Studio album by Gavin Adcock
- Released: August 15, 2025
- Studios: Full Moon Studio (Watkinsville, Georgia)
- Genre: Country
- Length: 75:26
- Labels: Thrivin' Here; Warner Nashville;
- Producers: Will Bundy; Brent Cobb; Jay Rodgers; Oran Thornton;

Gavin Adcock chronology
| Actin' Up Again (2024) | Own Worst Enemy (2025) | The Day I Hang It Up (2026) |

Singles from Own Worst Enemy
- "Never Call Again" Released: June 16, 2025;

= Own Worst Enemy =

Own Worst Enemy is the third studio album by American country music artist Gavin Adcock. The album was released on August 15, 2025, via Thrivin' Here and Warner Nashville and co-produced by Will Bundy, Brent Cobb, Jay Rodgers, who produced Adcock's previous album, and Oran Thornton.

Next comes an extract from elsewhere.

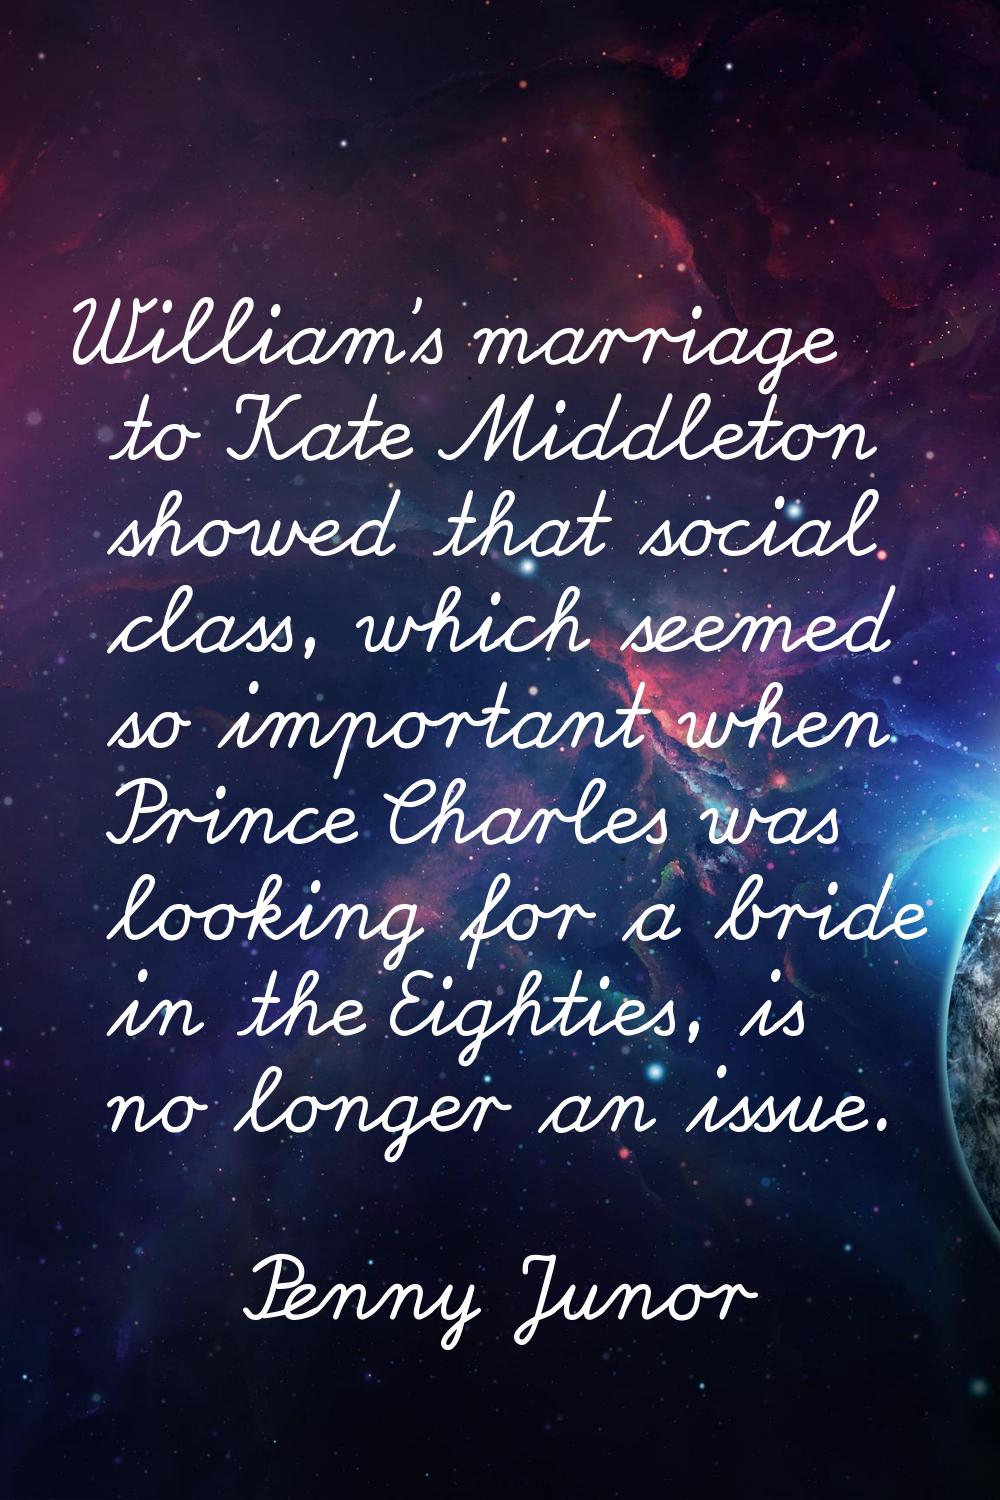 William's marriage to Kate Middleton showed that social class, which seemed so important when Princ

The album serves as the follow-up to Adcock's 2024 major-label debut Actin' Up Again, which became the largest major-label debut from a solo male artist that year and helped propel Adcock past one billion global streams.

==Background==
Adcock's previous albums Bonfire Blackout and Actin' Up Again established him as a rising name in country rock. In 2025, while on his Need to Tour, Adcock announced Own Worst Enemy on social media.

Prior to the album's release, numerous promotional singles, including "Morning Bail", "On One", and "Last One to Know", were released. Adcock's announcement coincided with several controversies, including a widely publicized arrest for reckless driving and an ongoing debate sparked by his criticism of Beyoncé's Cowboy Carter.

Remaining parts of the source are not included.